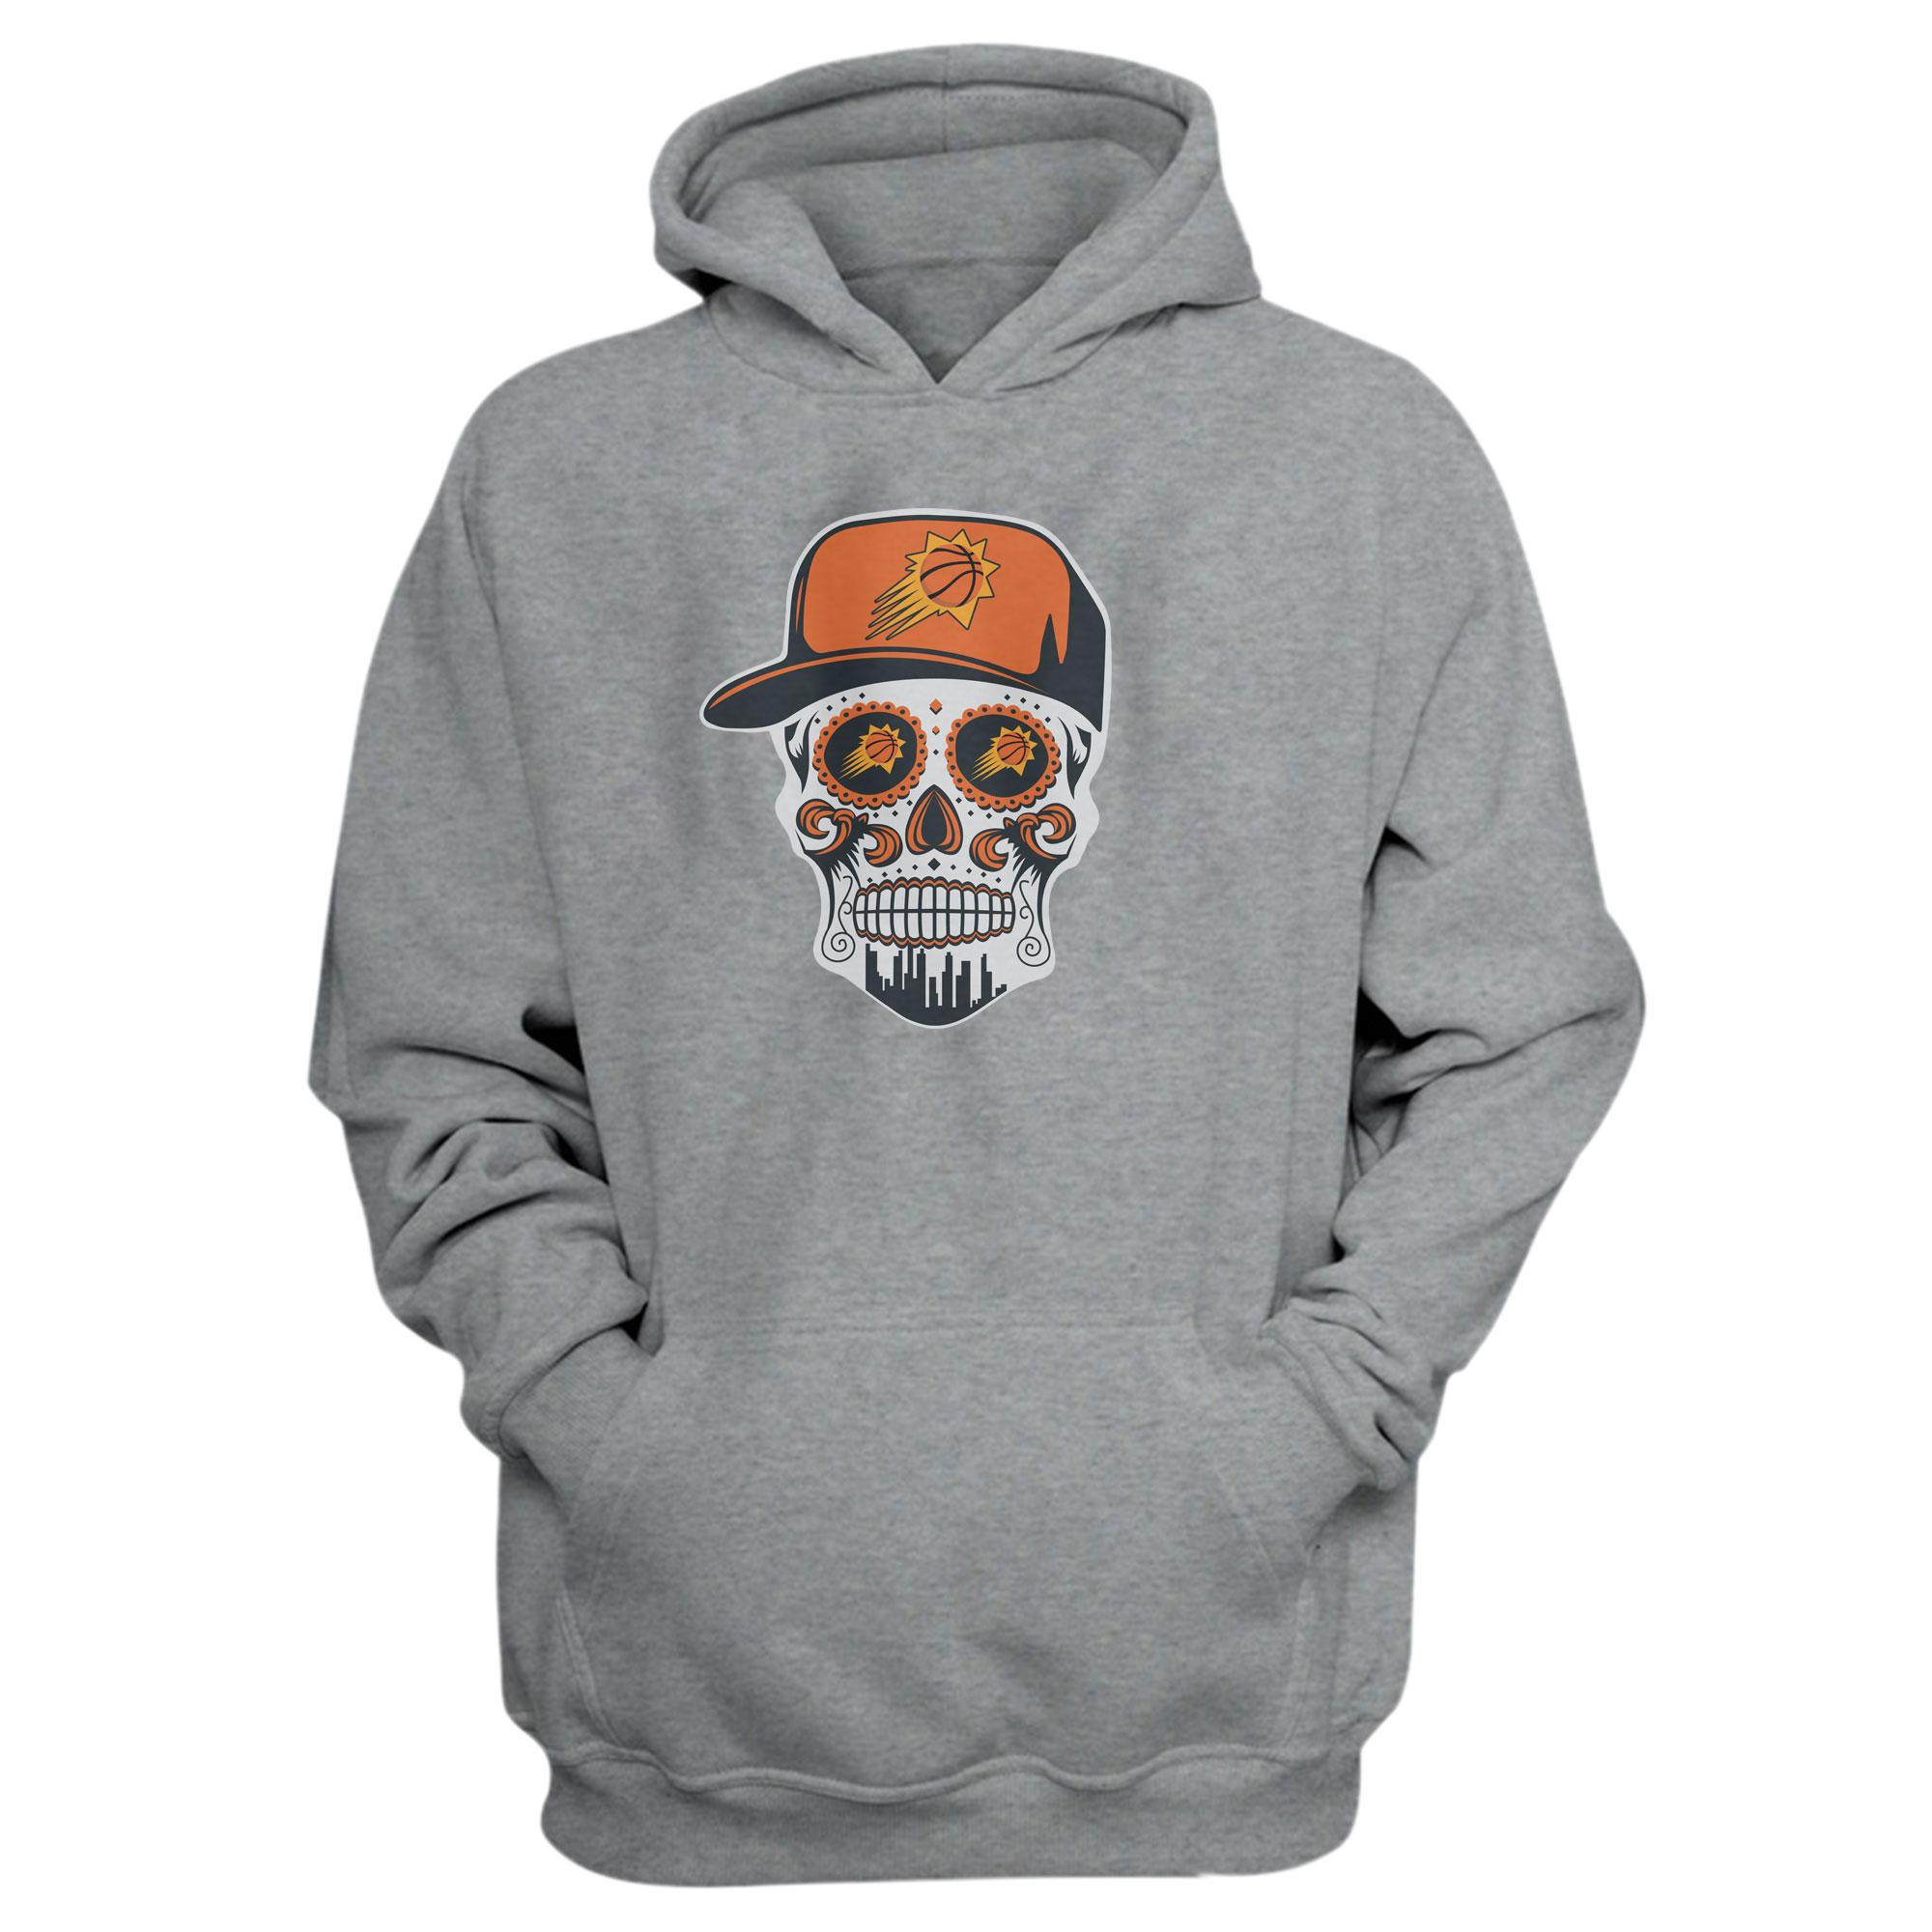 Phoenix Skull Hoodie (HD-GRY-NP-461-NBA-PHO-PHO-SKULL)
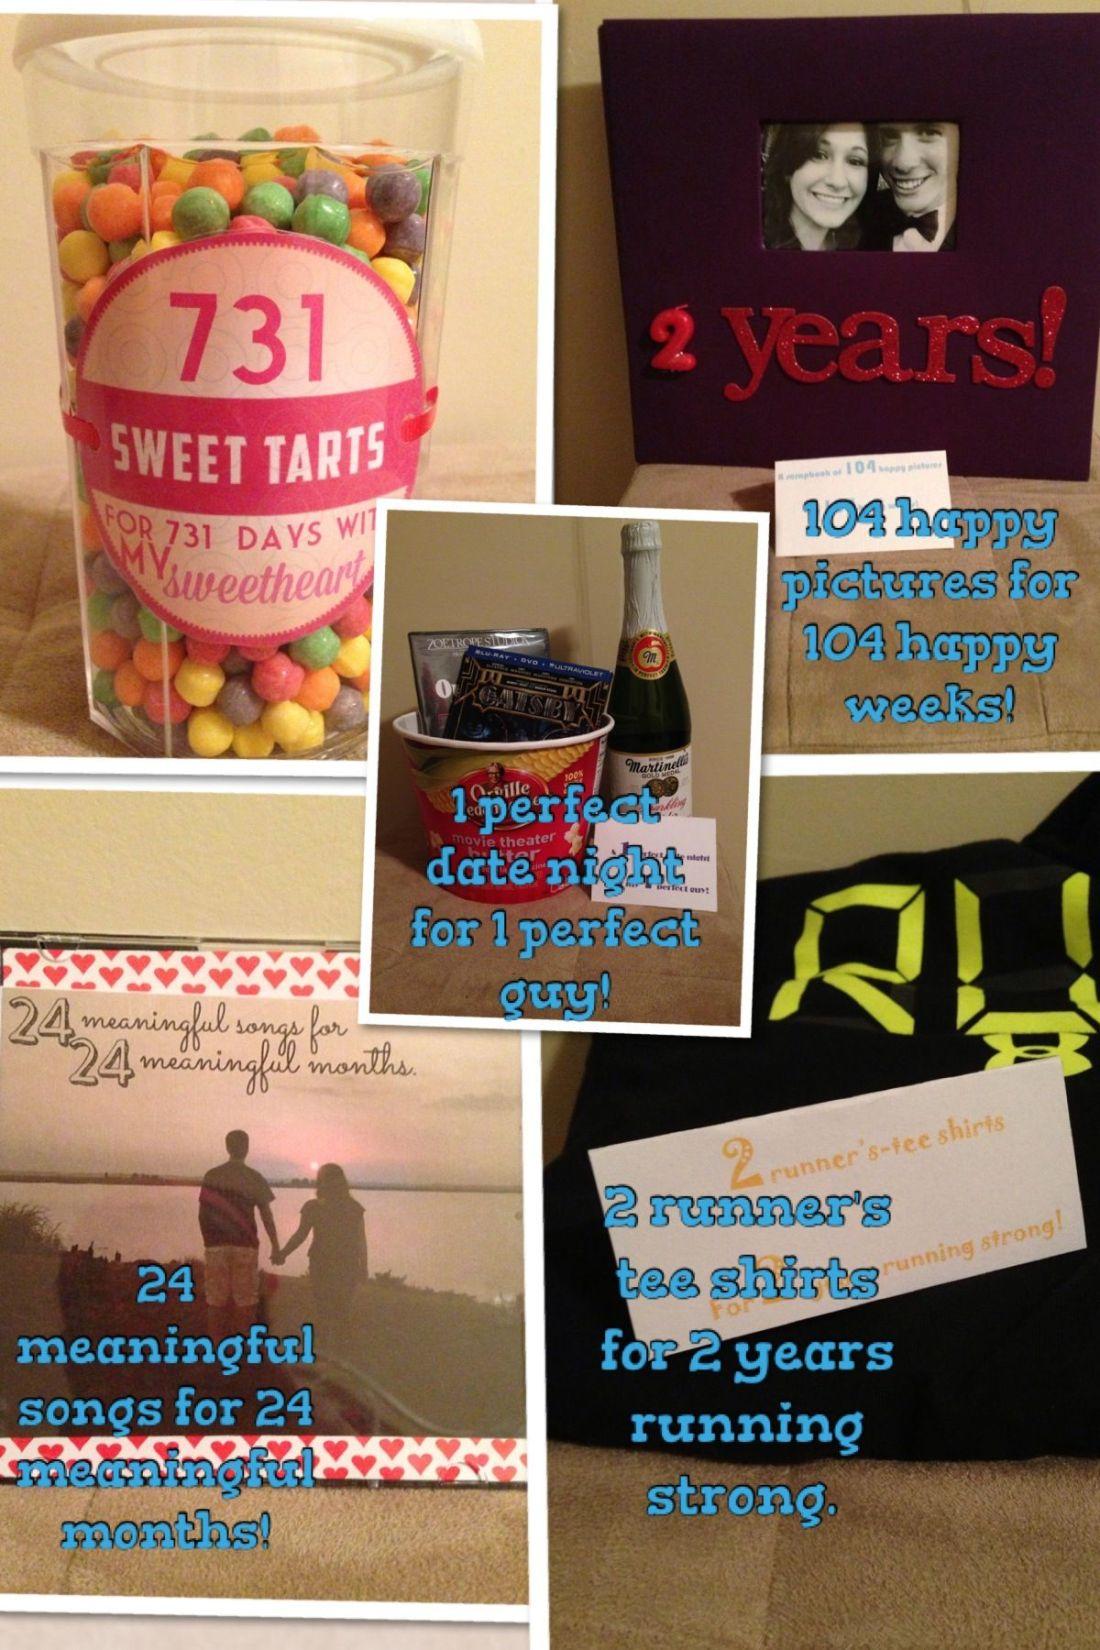 2 year anniversary for my boyfriend gift ideas so
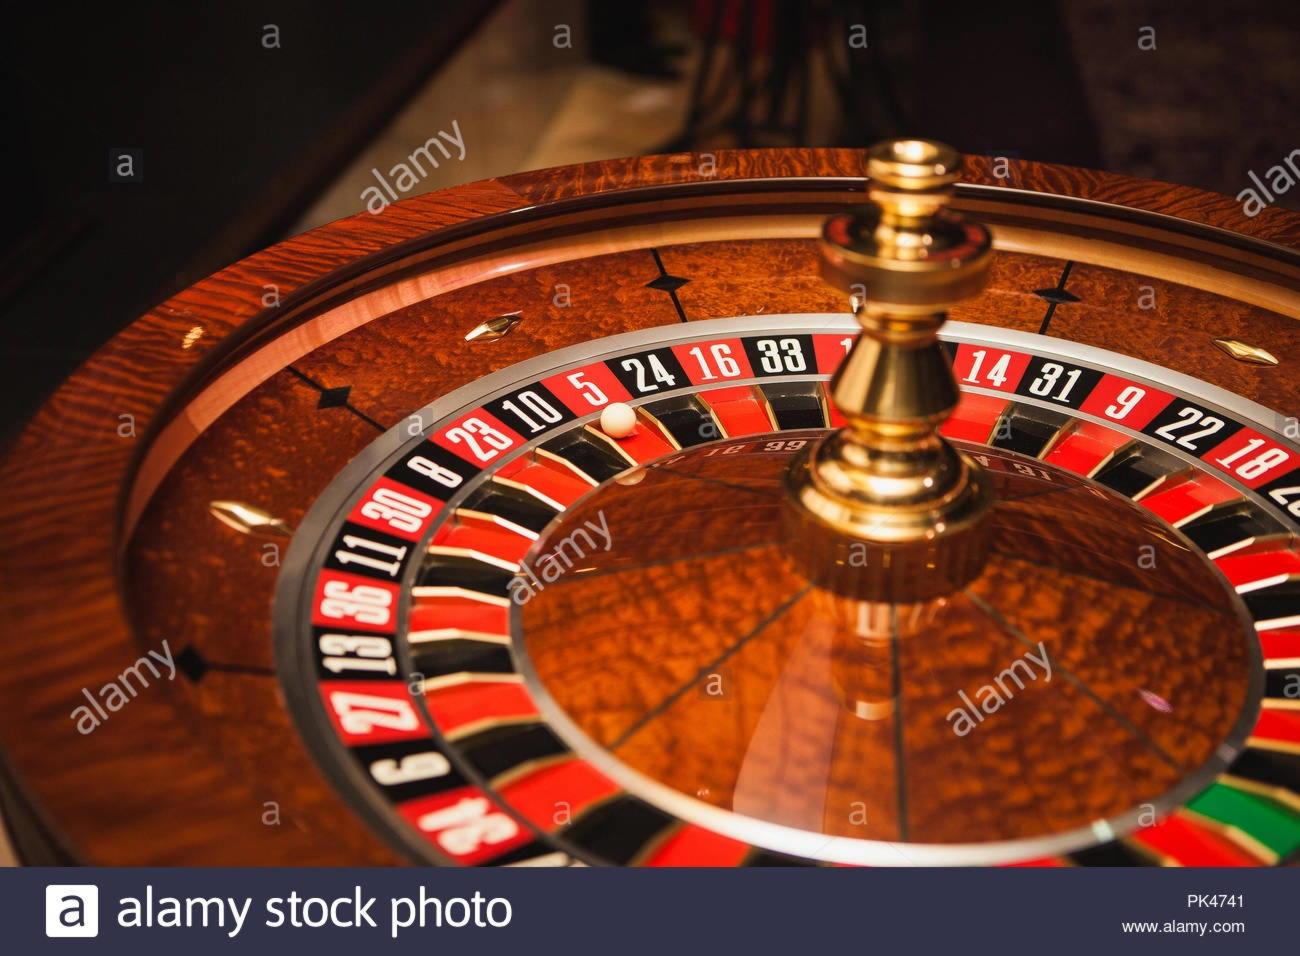 845% Regjistrohu Bonus kazino në Besties Bingo
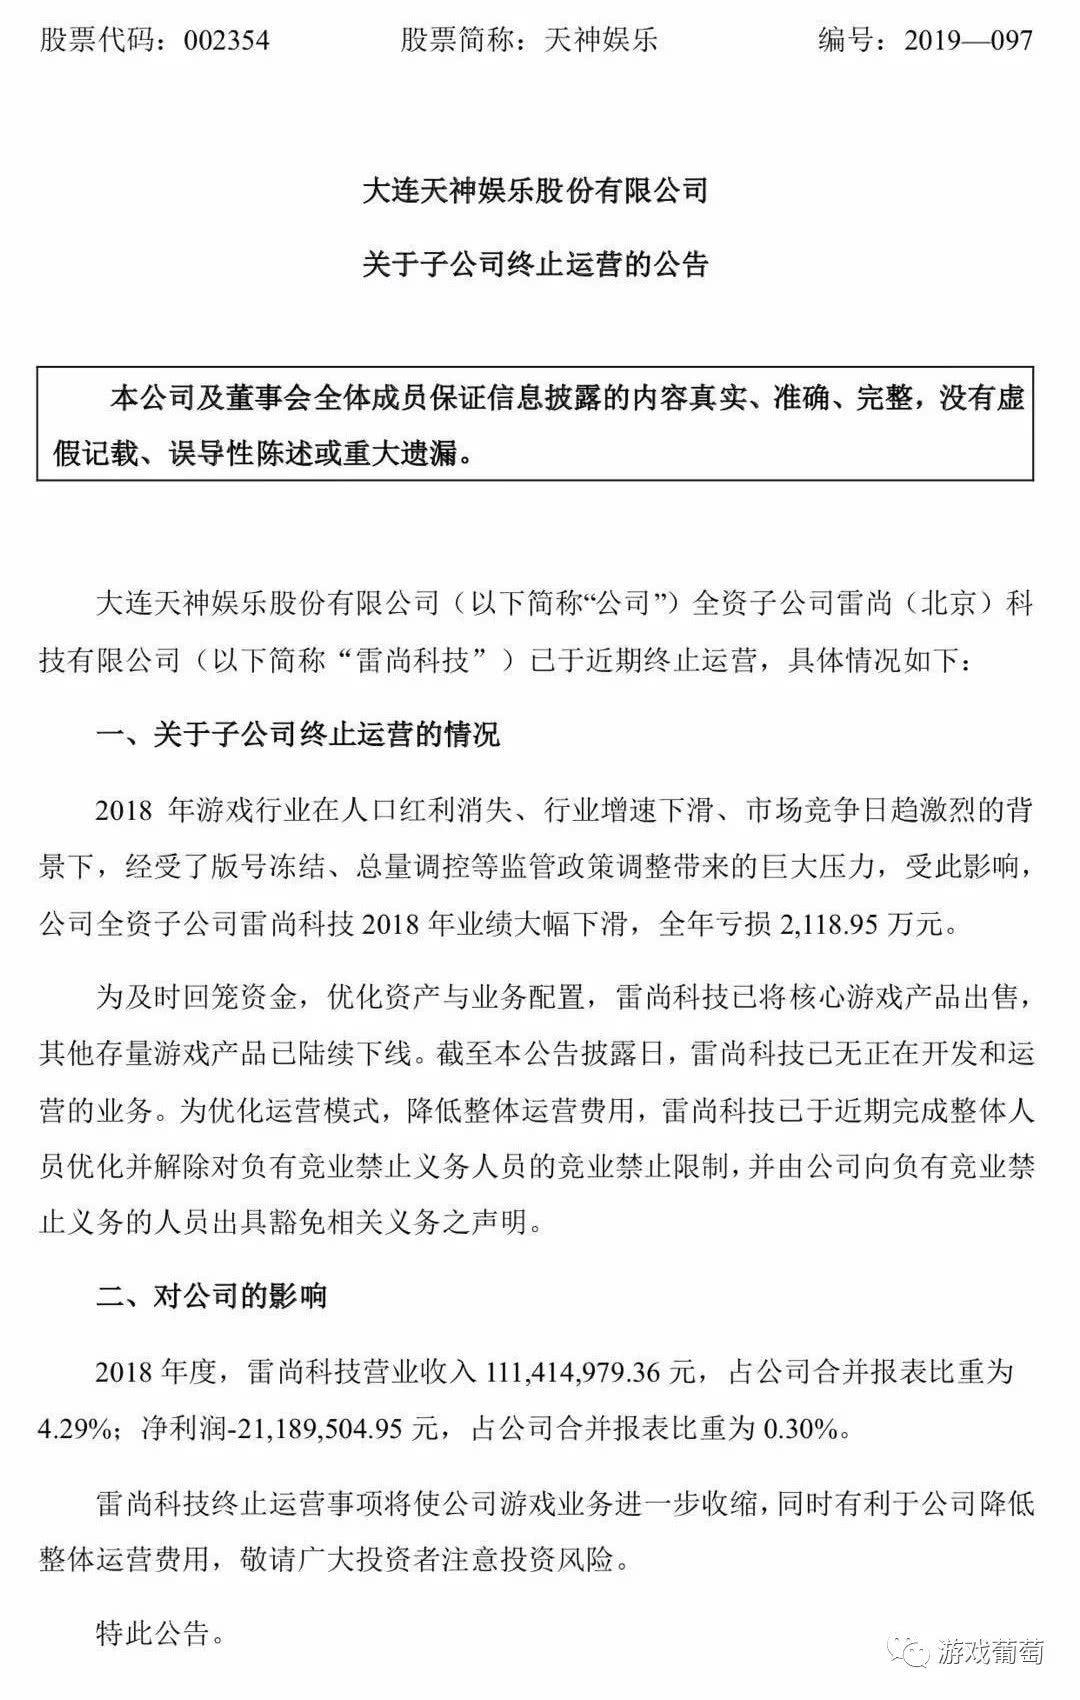 <b>天神娱乐子公司雷尚科技终止运营,后者2018年净亏损2118.95万元</b>

Task instructions:
Return the whole listing word for word. Pictures stay out of it.

Answer below:
 Phoenix Skull Hoodie (HD-GRY-NP-461-NBA-PHO-PHO-SKULL)
 2 year anniversary for my boyfriend gift ideas so
 845% Regjistrohu Bonus kazino në Besties Bingo
 <b>天神娱乐子公司雷尚科技终止运营,后者2018年净亏损2118.95万元</b>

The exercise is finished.